Ornette Coleman CD placeholder at FYE in Market Place Mall
Ornette Coleman CD placeholder at FYE in Market Place Mall

I rode out to the Apple Store with my father and the place was packed, I mean really packed, because school kids were off for the week. My father is working on a presentation in Keynote that he plans to project from his iPad to group at the Buckland House in Brighton and he had all sorts of questions for the geniuses. Matt and Kim were playing on the sound system. I checked out the new MacBooks and grabbed a cup of espresso from Starbucks. On the way out of the mall we walked through FYE in the last days of their going out of business sale. All these kids were picking through crap marked 90% off while my father and I were standing in the jazz section talking a Buddy Rich record he heard at a friend’s house when they were kids.
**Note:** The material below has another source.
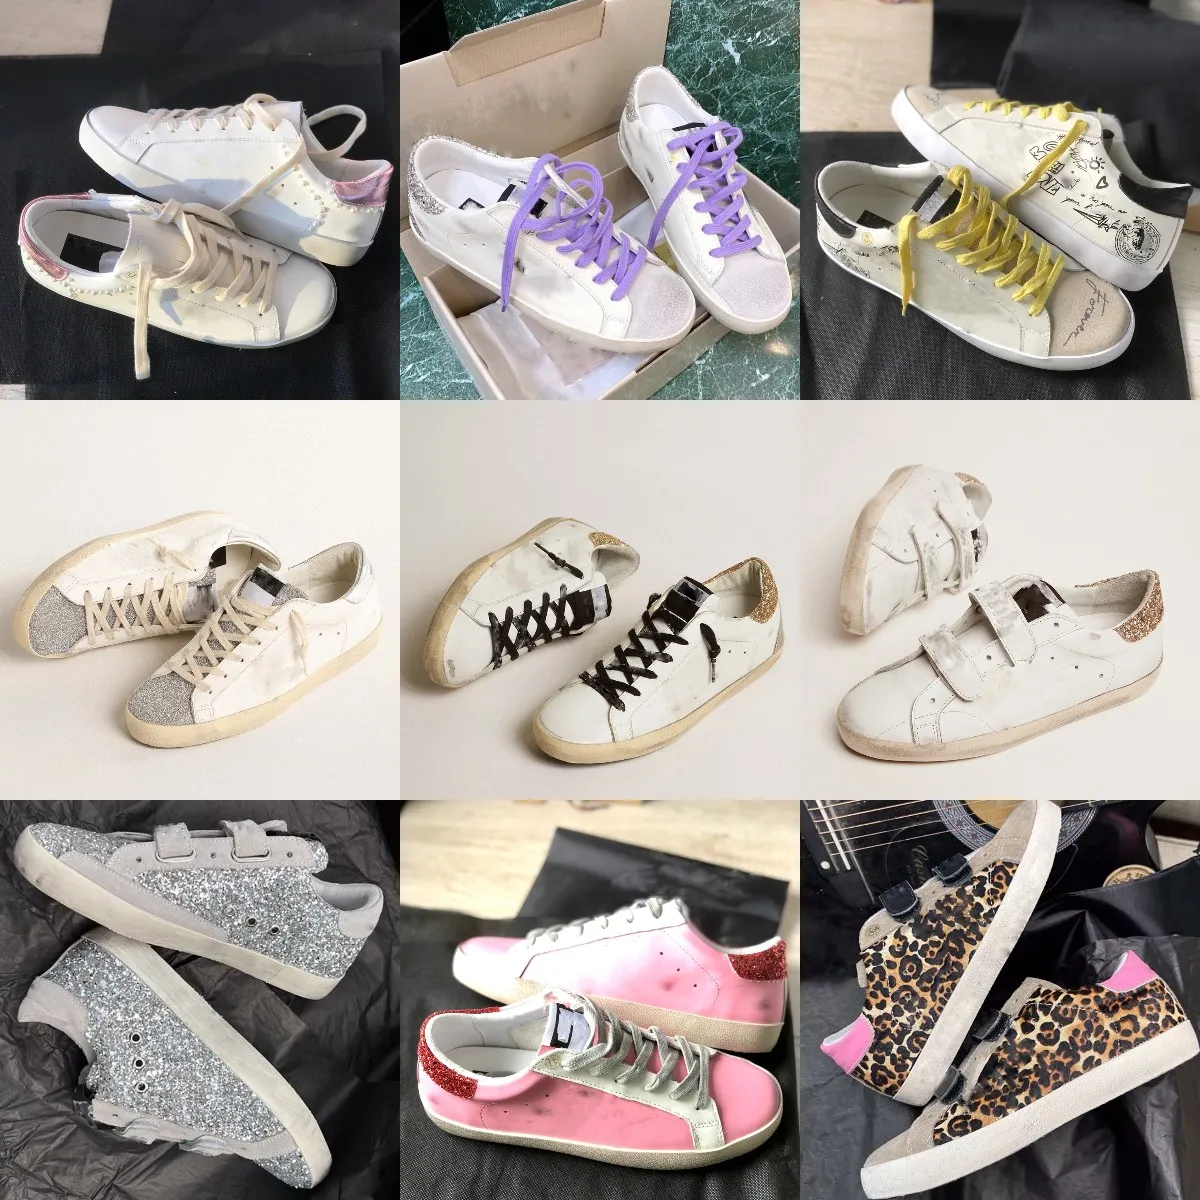 Designer Star Women Sneakers Luxury Fashion Casual Shoes Italie Brand classique blanc do-Old Sequin Dirty Best Quality Shoe

Duane Sherwood called to discuss building a Facebook business page. They can look a little different than your neice’s page but not much. He sent me a few links to developers tips. I joined Facebook in order to help a business client use it and I let my own page just sit there occasionally checking in or cross posting a blog entry. Every few months I cleaned out the photos that populated my profile page, photos that someone else had posted with me tagged in them. If you don’t construct your own page Facebook pretty much constructs one for you with the photos your friends put up. I decided to do something about this and posted a couple folders of photos from my iPhoto library. I am only slowly getting with the program so I am probably the last person to ask for advice about using your fb page to get new business.

I spent a few hours yesterday cleaning up my YouTube channel. Actually spent most of the time watching my favorites like The Squires of the Subterrain “Sweet”, Rich Stim’s “Major Pipe” and Ornette Colman’s “Made In America.”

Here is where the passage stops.